Assignment:
Everything from the line with "楽天ブックス 鉛筆一本ではじめる人物の描き方 ロジカルデッサンの技法" down to the line with "Calpis Original 350ml" below must be printed exactly, those two lines included. Exclude pictures.

Input material:
********

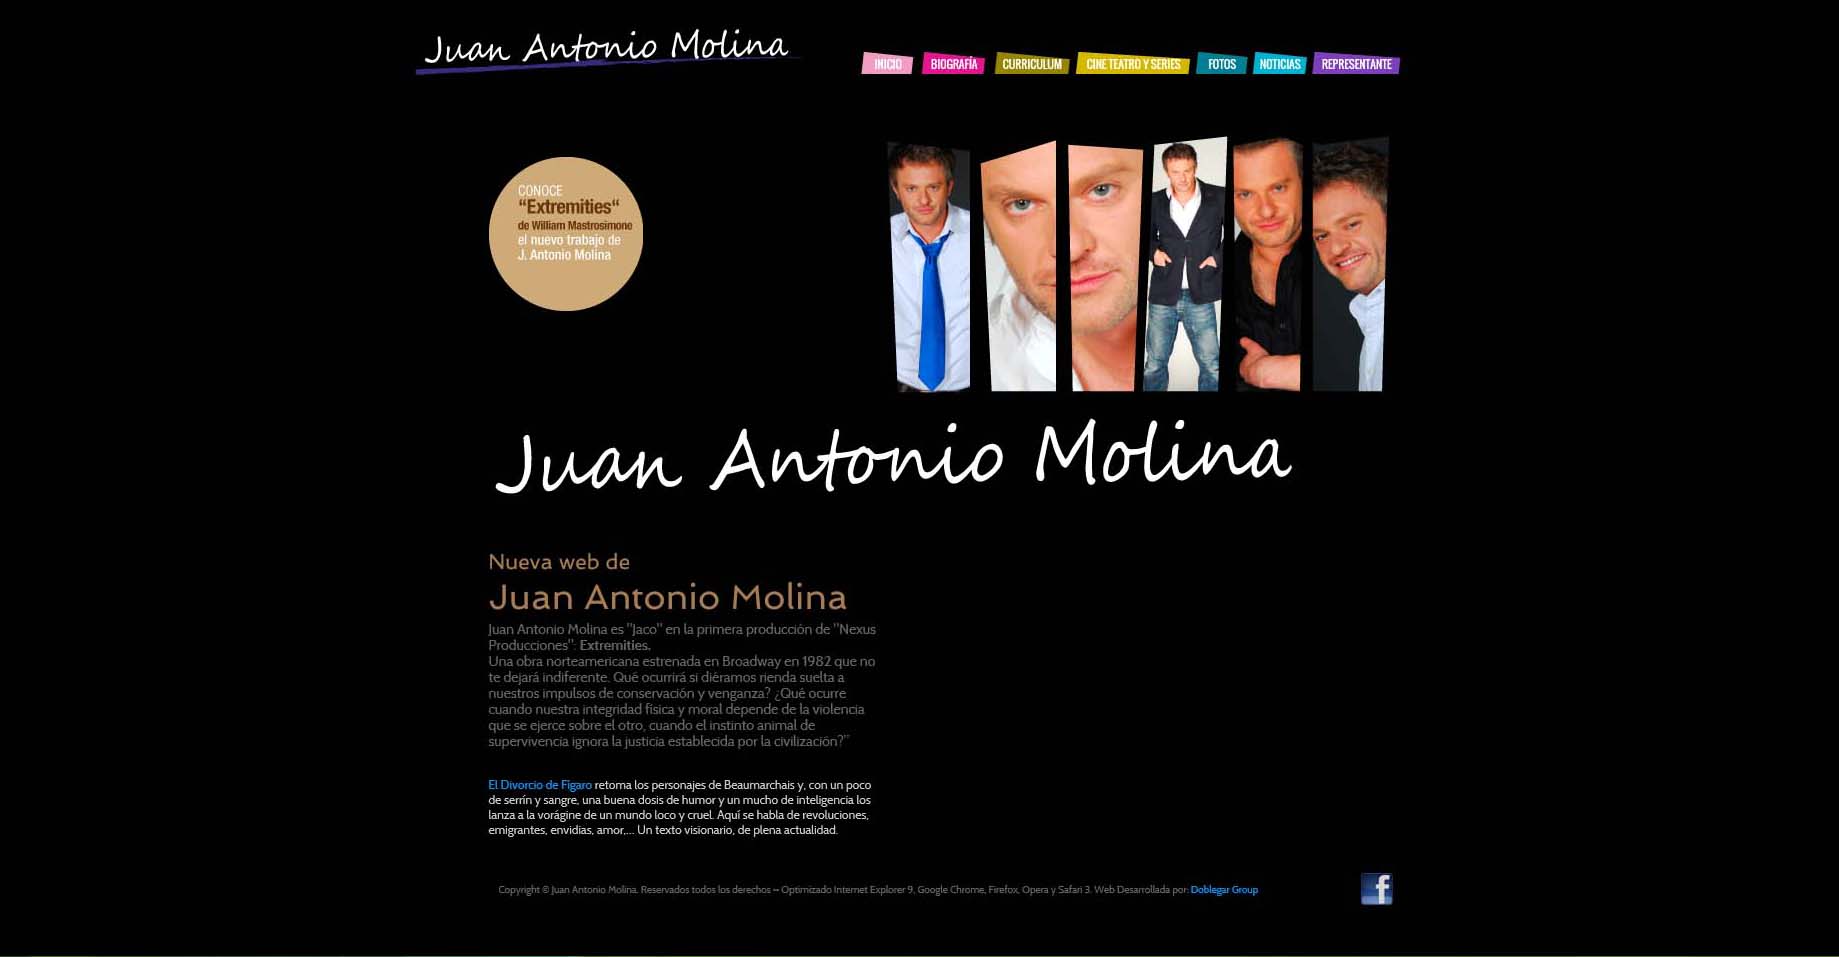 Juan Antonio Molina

********

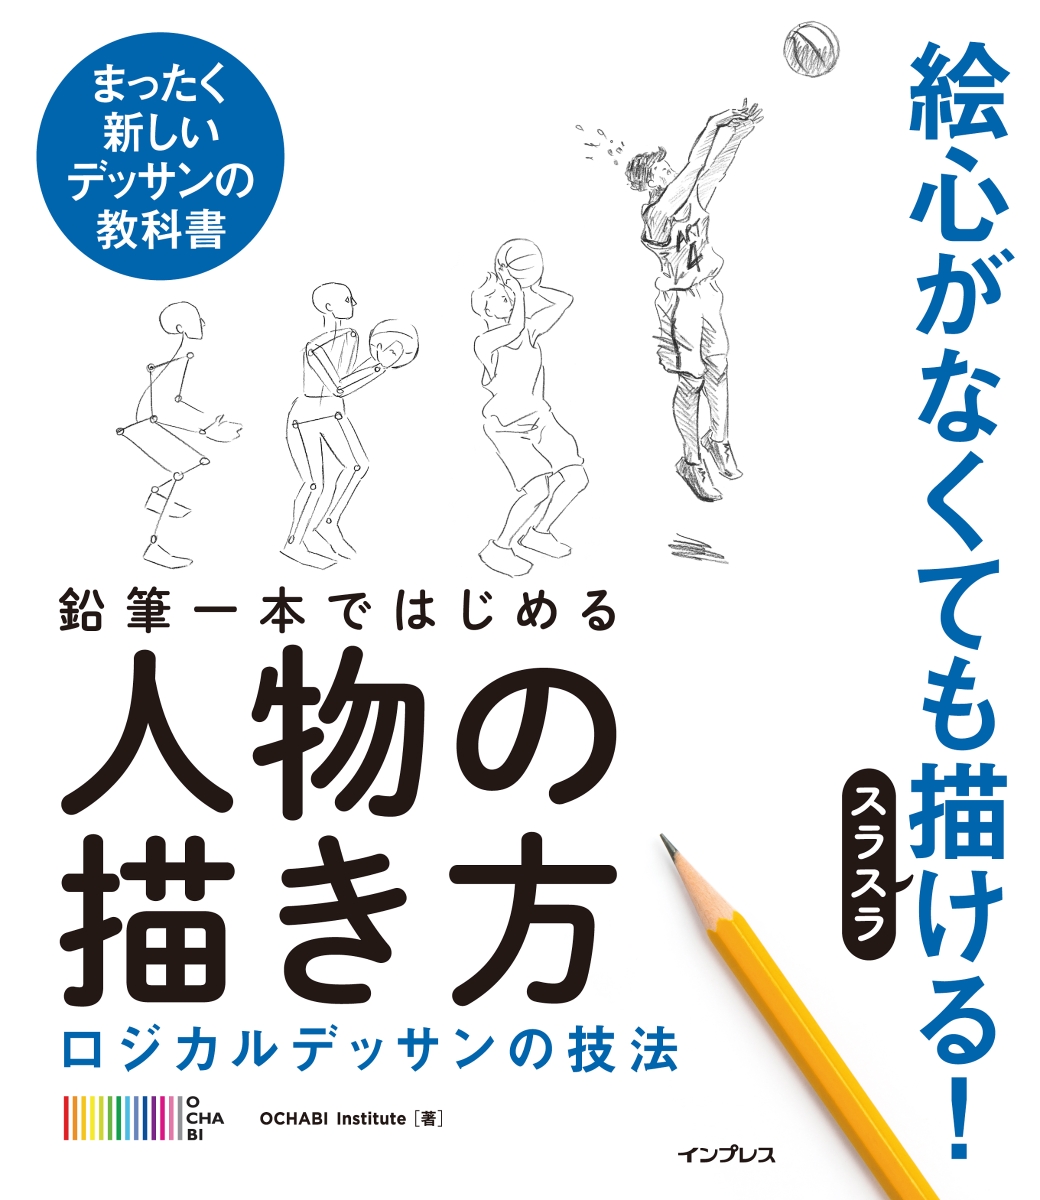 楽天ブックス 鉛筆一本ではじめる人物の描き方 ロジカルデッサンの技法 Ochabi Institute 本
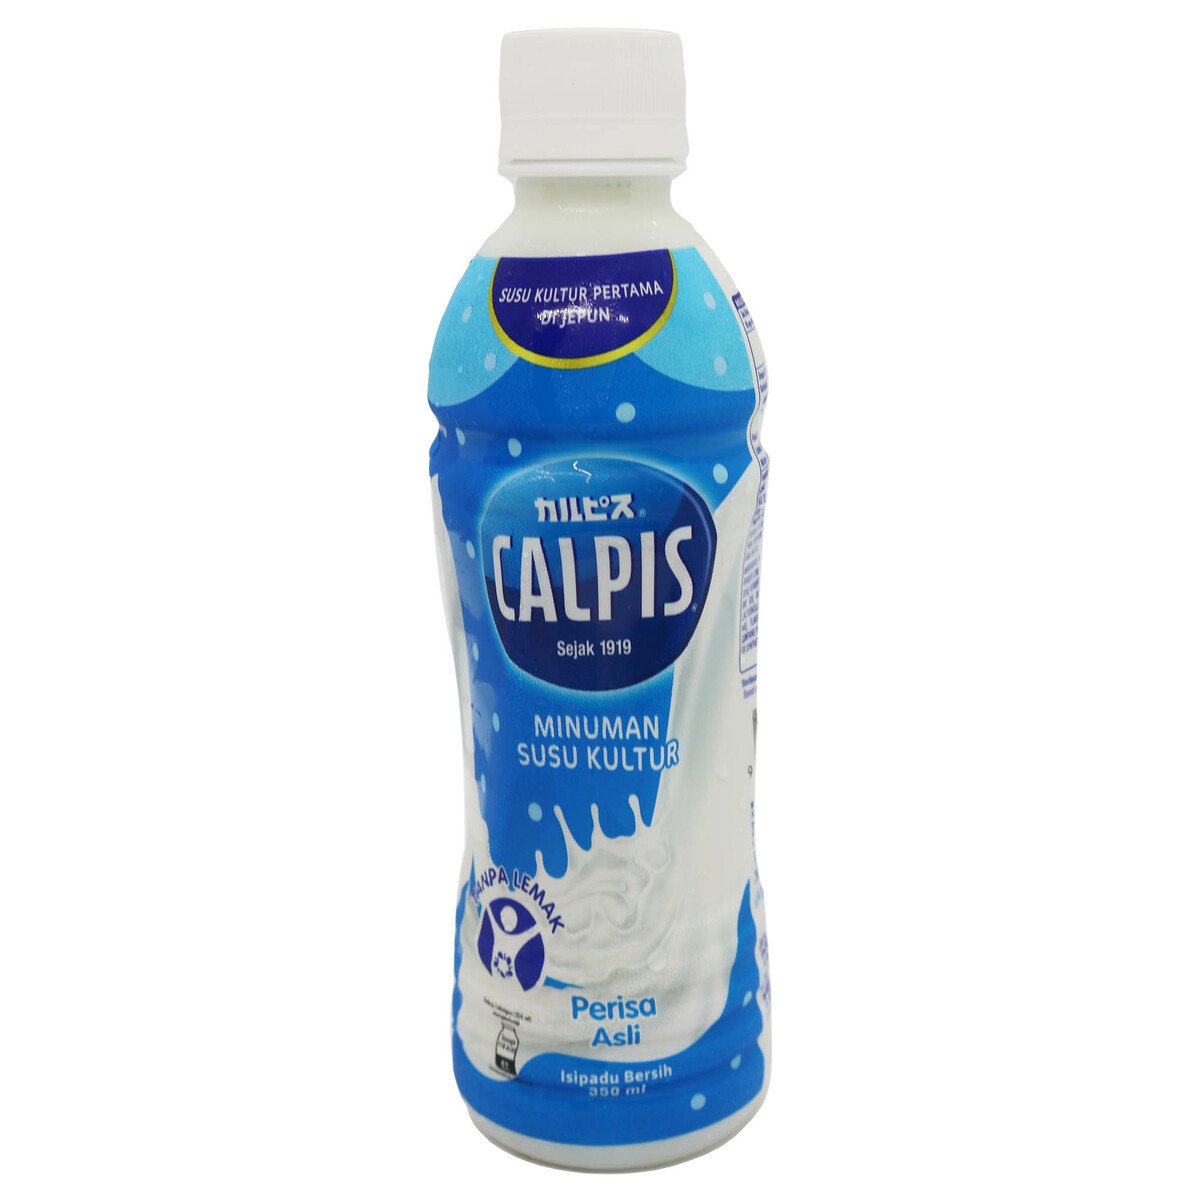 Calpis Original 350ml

********

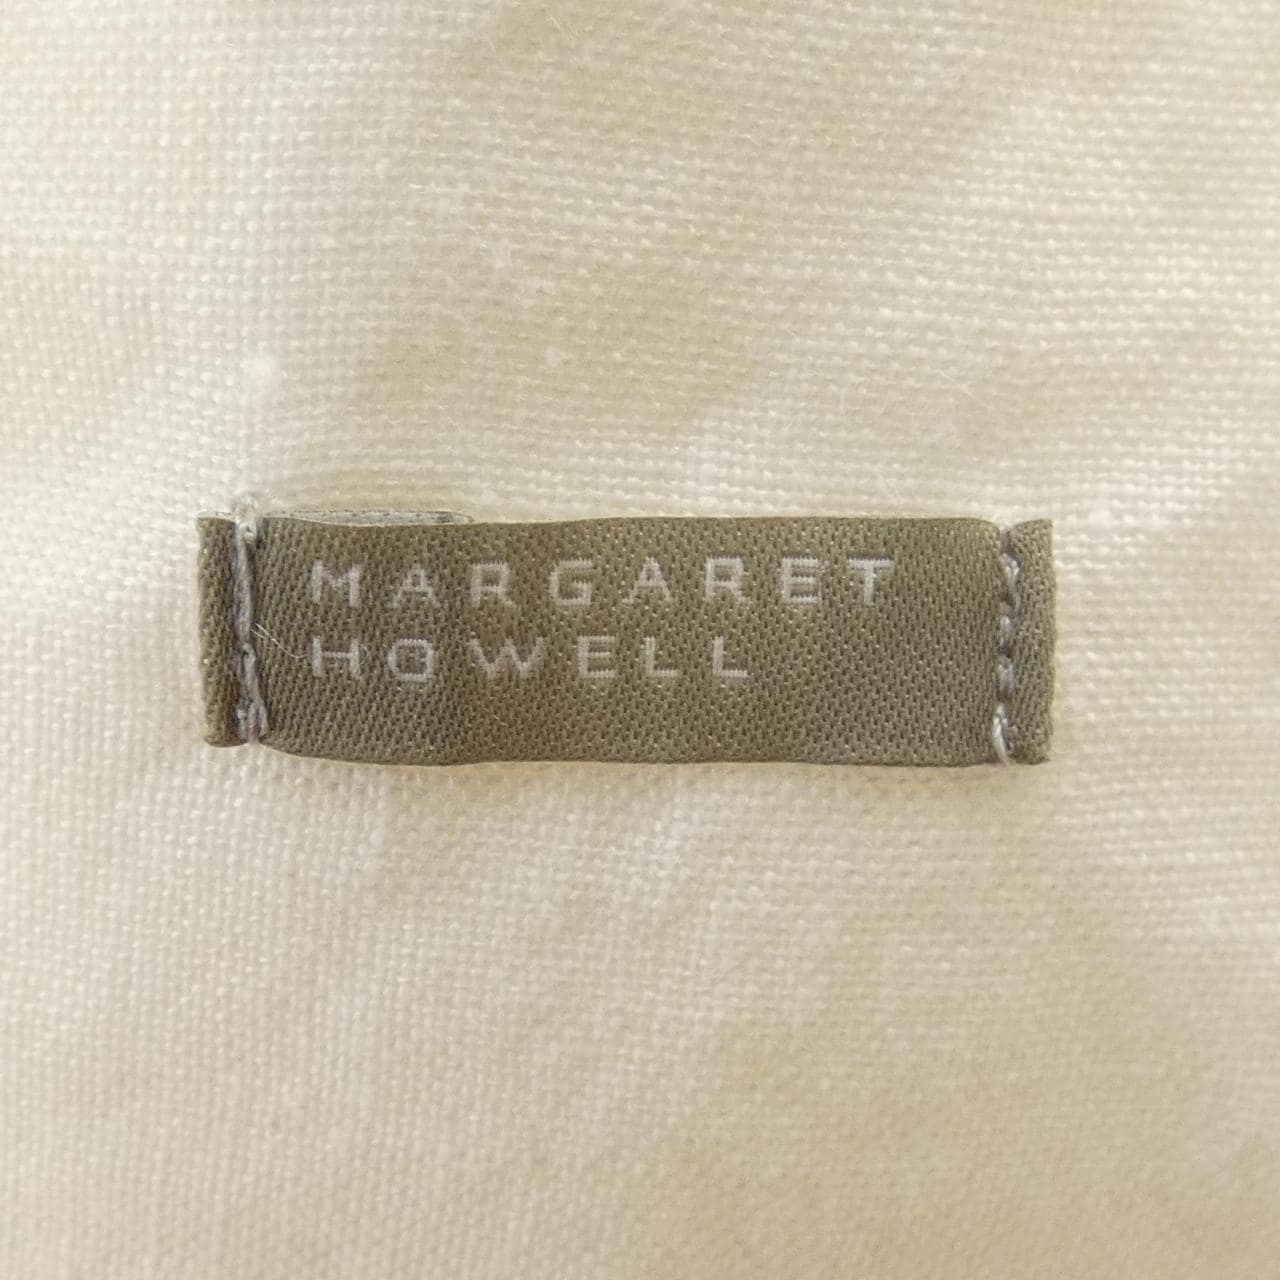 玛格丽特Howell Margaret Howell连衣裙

********

Worked solution:
 楽天ブックス 鉛筆一本ではじめる人物の描き方 ロジカルデッサンの技法 Ochabi Institute 本
 Calpis Original 350ml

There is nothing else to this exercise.